Pump Baseplates and Installation can impact Pump Reliability
According to statistical reliability analysis, as much as 65% of pump life cycle costs are determined during the design, procurement, and installation phases of new machinery applications.
By Allan R. Budris, P.E.
According to statistical reliability analysis, as much as 65% of pump life cycle costs are determined during the design, procurement, and installation phases of new machinery applications. While design and procurement are important aspects for any application, the installation of the equipment plays a very significant role. A superb design, poorly installed, will give poor results. A moderate design, properly installed, will give good results.
The long-term success of a proper installation and reduced vibration activity is determined by how well the machinery system is joined to the foundation. The baseplate, or skid, of the machinery system must become a monolithic member of the foundation system. Machinery vibration should ideally be transmitted through the baseplate to the foundation and down through the subsoil. Failure to do so will result in the machinery resonating on the baseplate, very often causing consequential damage.
The issue always boils down to cost: long term, reliability influenced, "Life Cycle Costs" versus "First Costs". Do you select the least expensive (weakest) or high quality baseplate; spend the time required to properly prepare the foundation and baseplate for the grout; select superior epoxy grout versus low cost cement grout; or use a lower labor cost single pour, instead of the more effective two pour method.
Pump Baseplate Types
Sound baseplate selection is one of the first steps in a good pump installation. Pump baseplates are available in a variety of materials and configurations, such as cast iron, fabricated steel, molded polymer concrete, "PIP-Compliant Fabricated Steel," Pre-grouted, and free-standing / stilt-mounted configurations. Torsional stiffness, rigidity and flatness are important for all of these and grouting and lifting issues must be addressed for most of them. Every one of these configurations has its advantages and disadvantages:
- Cast iron probably provides the best vibration dampening, although can warp during the machining process. It should, therefore, be properly leveled, grouted, and finish-machined in place.
- Fabricated steel must be sufficiently heavy, properly welded, stress relieved and machined. Flimsy fabricated steel bases have led to the development of "enhanced" versions.
- PIP-compliant fabricated steel baseplates provide a high level of enhancements, and features.
- Molded polymer concrete baseplates have superior stiffness and warp resistance.

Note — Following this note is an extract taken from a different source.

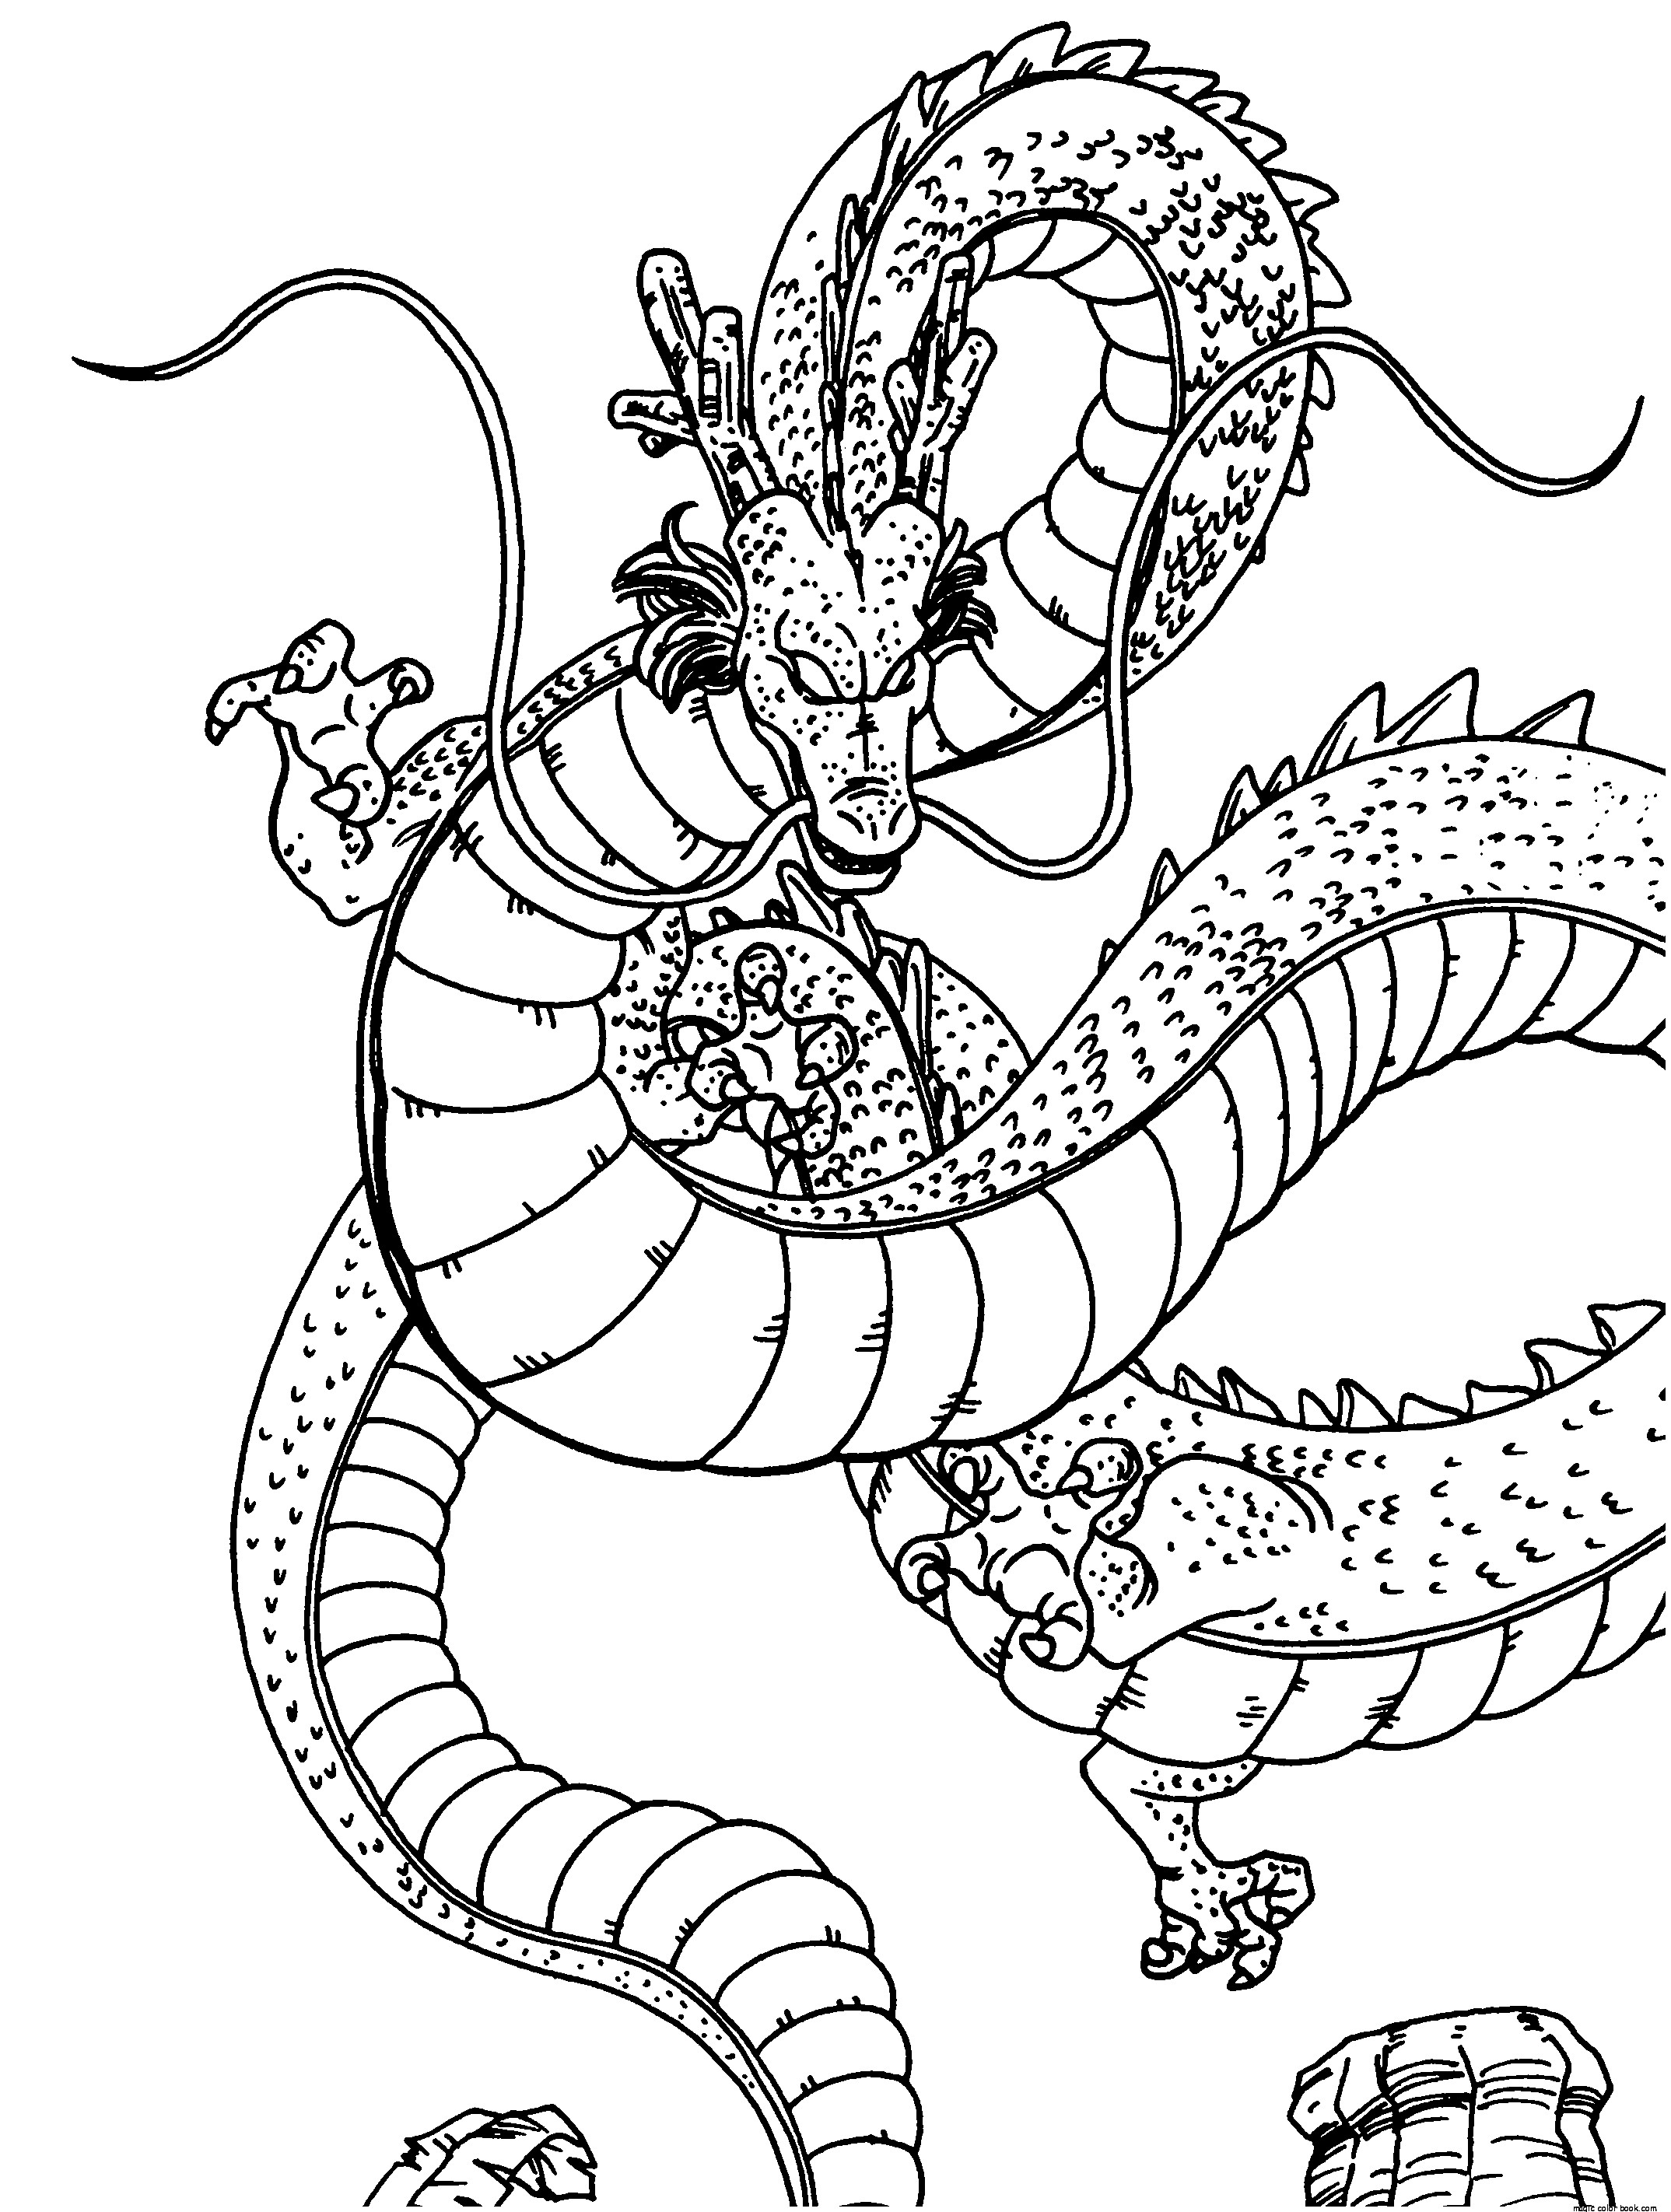 Free Dragon Ball Z Coloring Pages For Kids
 Dragon Ball Coloring Pages Best Coloring Pages For Kids

- Free-standing, or stilt-mounted baseplates are available from pump manufacturers that wish to respond to user demands for low-cost installations. Stilt-mounted bases can involve a number of options, and the entire assembly is expected to move on the floor. The movement "tends" to equalize the forces exerted by cheaply installed piping, and is expected to provide equal loads on both suction and discharge flanges. This assumes that all pump piping loads act in the same direction, which is seldom the case. While stilt-mounted bases may not have to contend with grout problems, they are rarely, if ever, the best choice for reliability focused users. Only the smallest pumps should be placed on free-standing baseplates.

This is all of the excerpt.